- [REQUIRED ACTION]:
Go to the line containing "A Kurt Cobain live event" below; retype it and all following lines exactly, and leave out the pictures.

[[ DATASET EXCERPT, beginning ]]

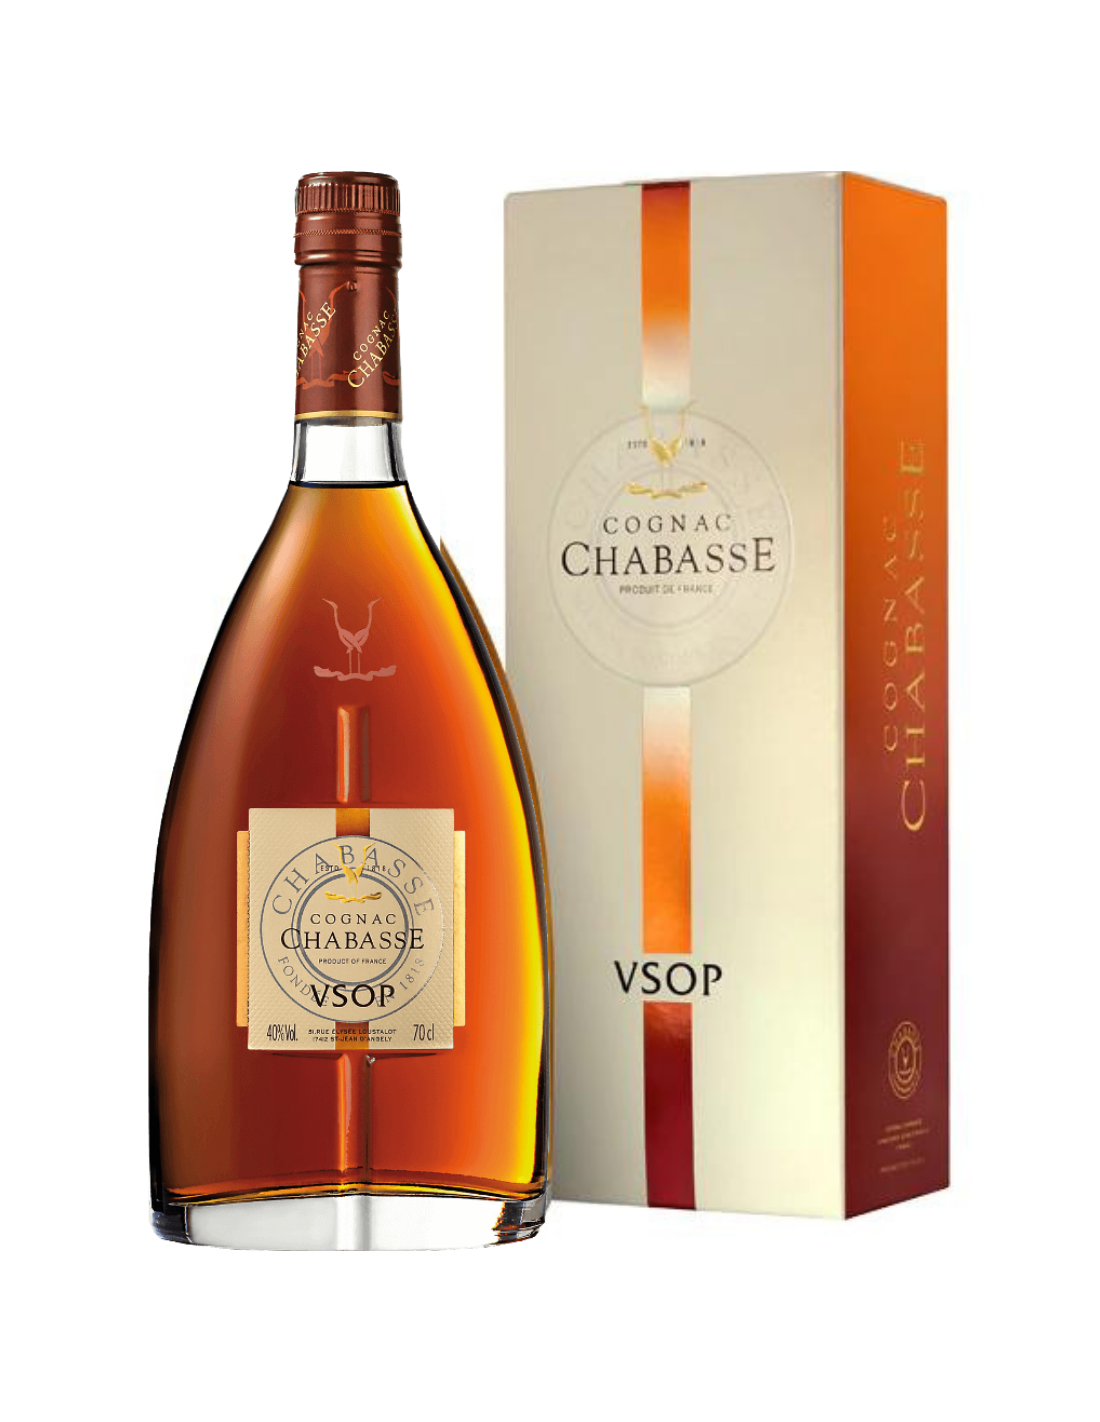 Coniac Chabasse VSOP, 40% alc., 0.7L, Franta alcooldiscount.ro
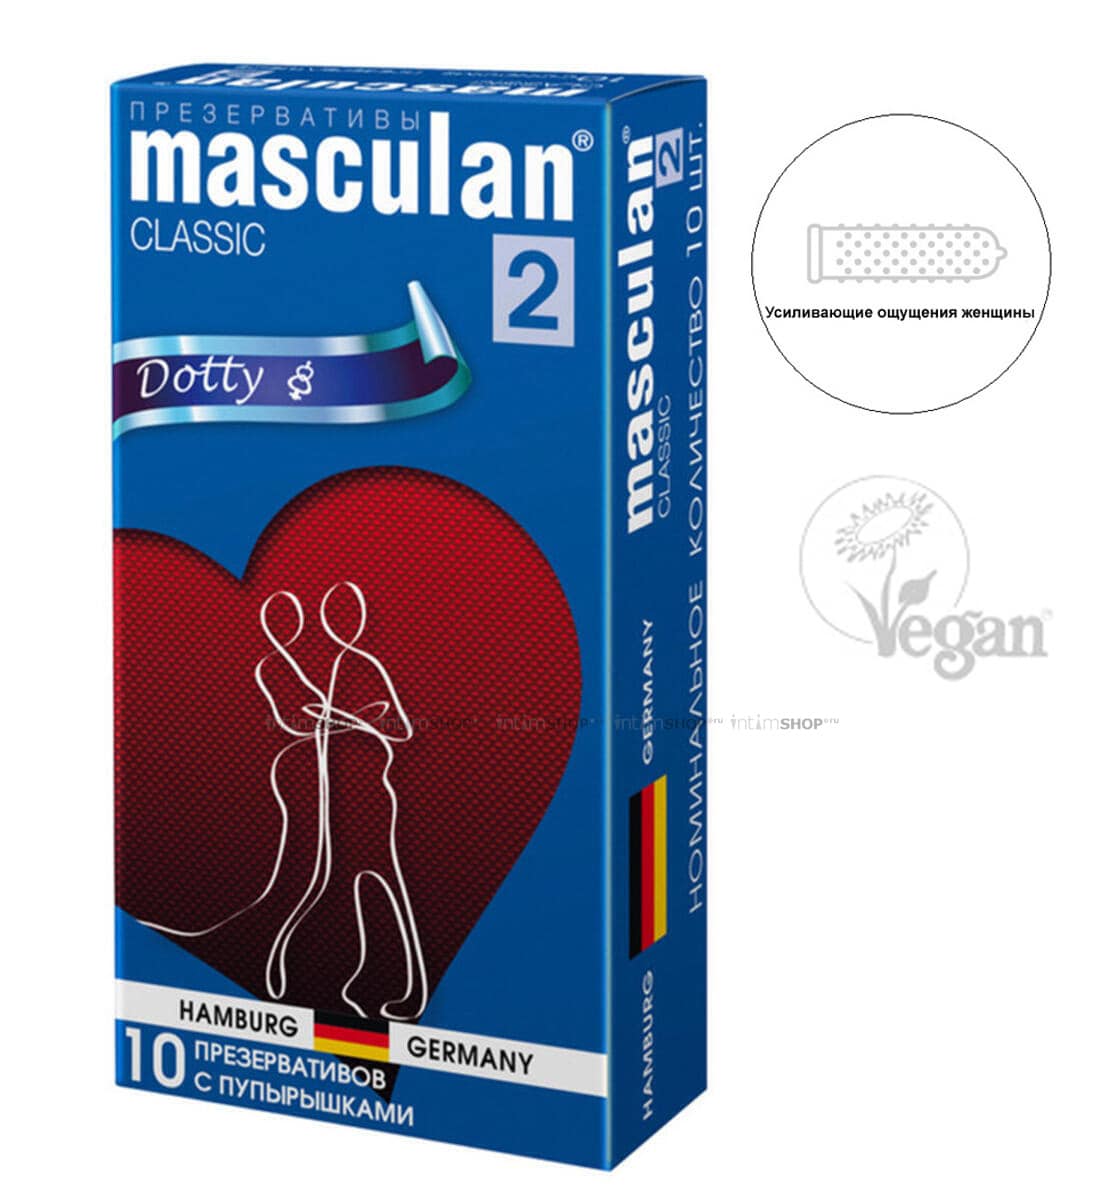 Презервативы с пупырышками Masculan Classic Dotty, 10 шт
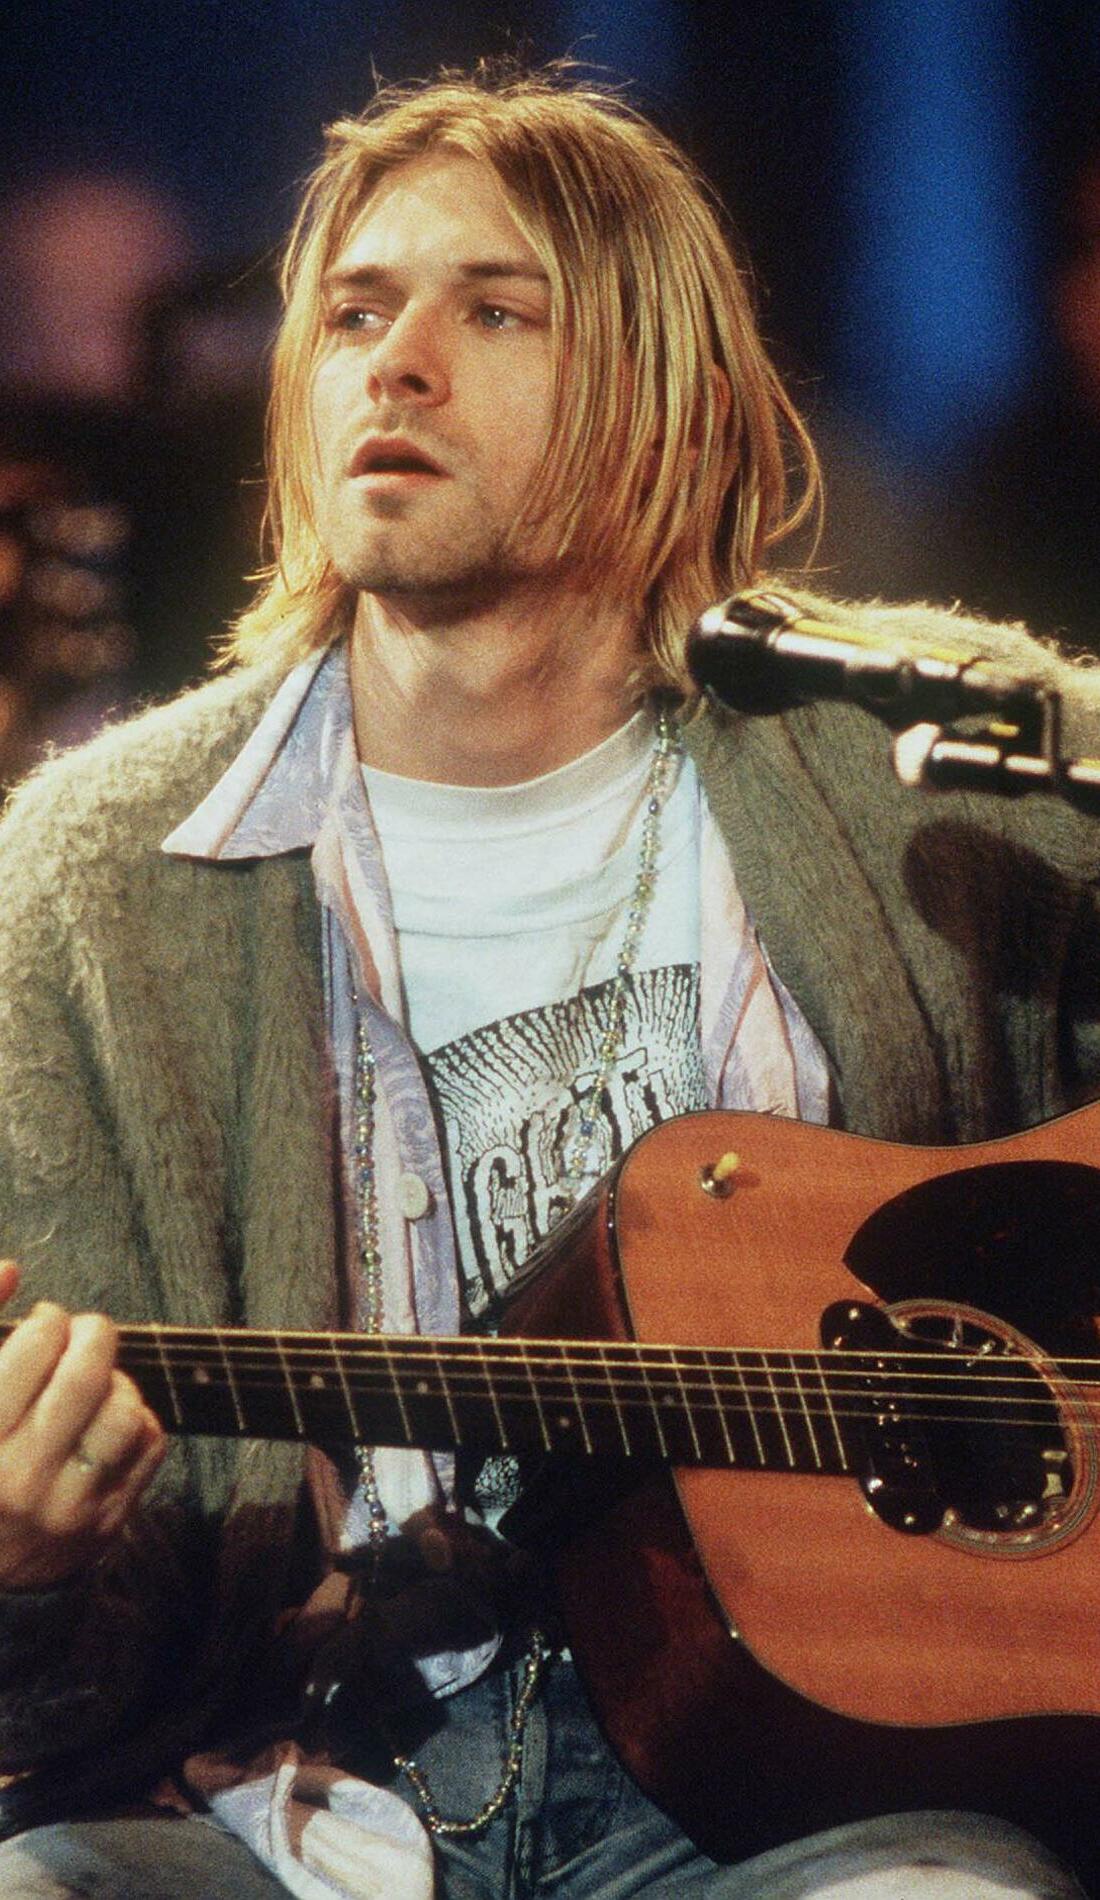 A Kurt Cobain live event
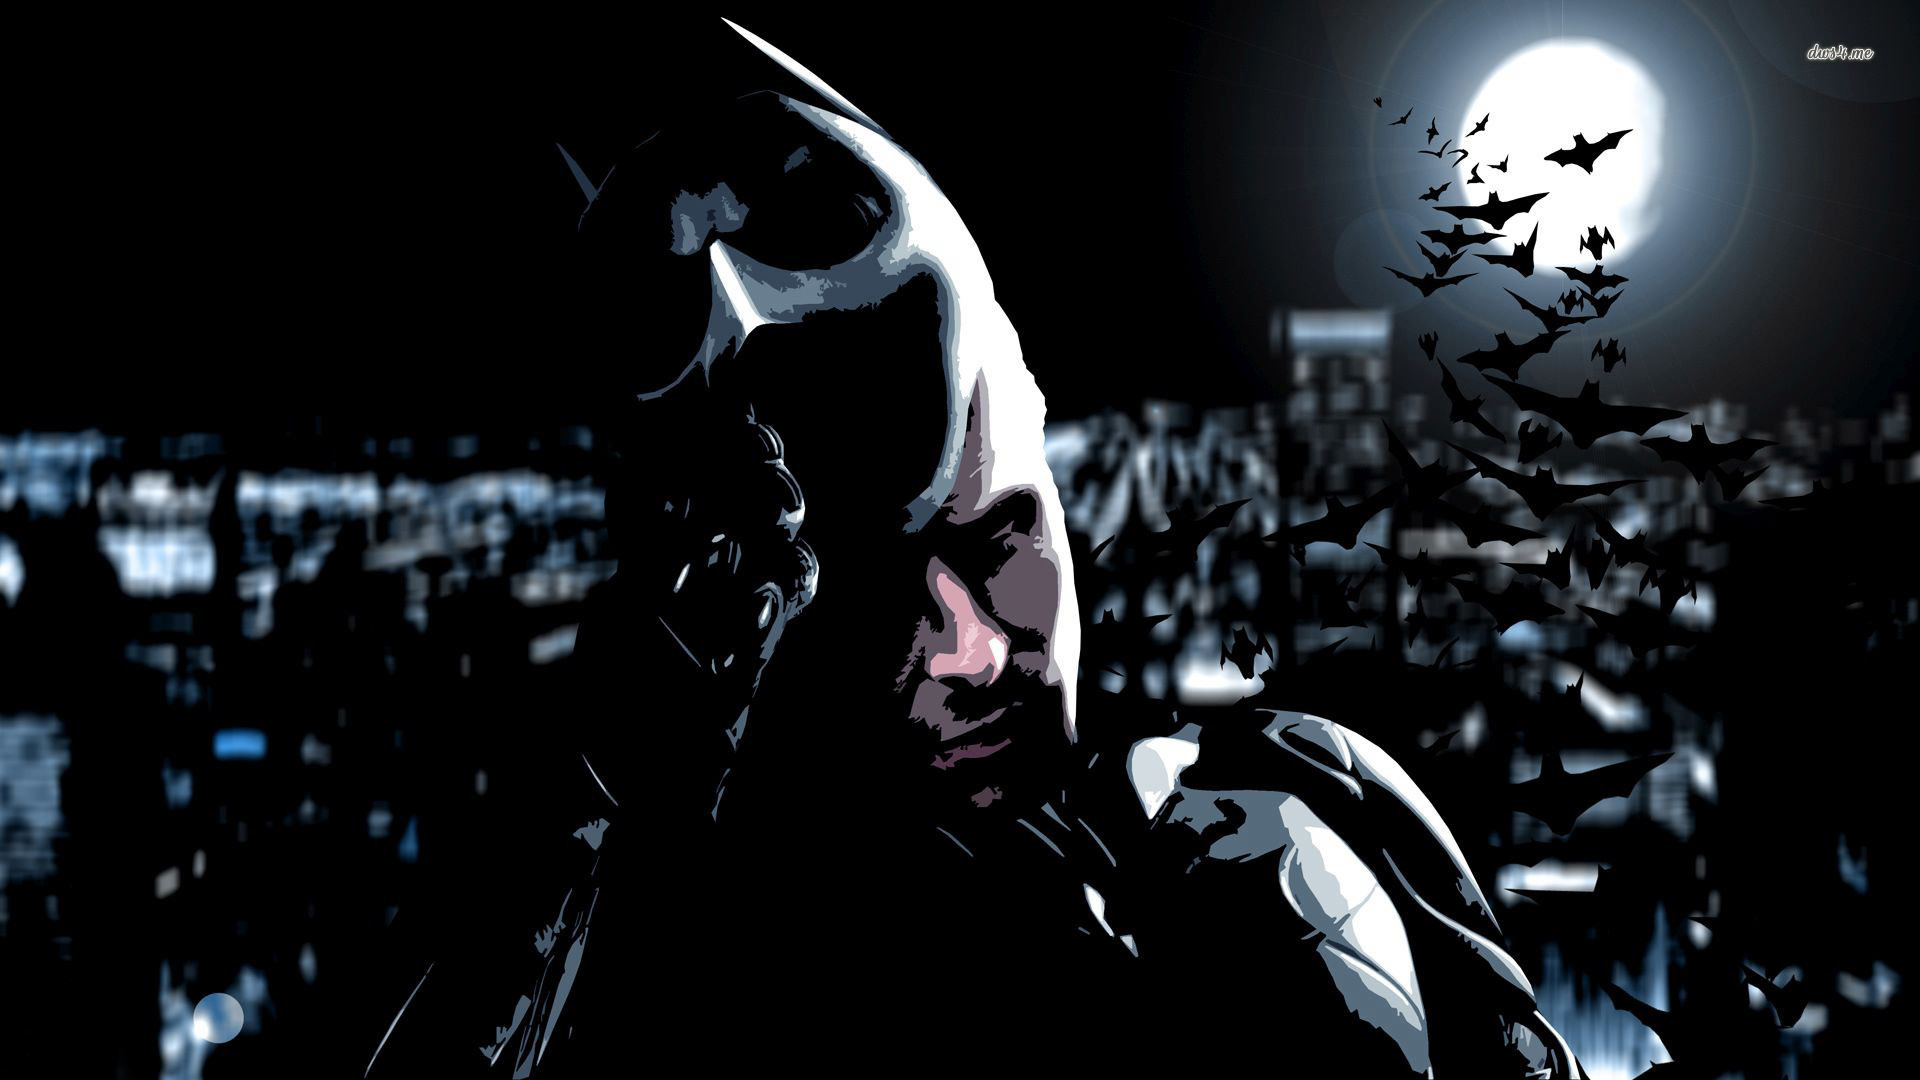 43317 batman taking off the mask in the dark knight 1920x1080 ...

[[ DATASET EXCERPT, end ]]

- [ANSWER SPACE]:
 A Kurt Cobain live event
 43317 batman taking off the mask in the dark knight 1920x1080 ...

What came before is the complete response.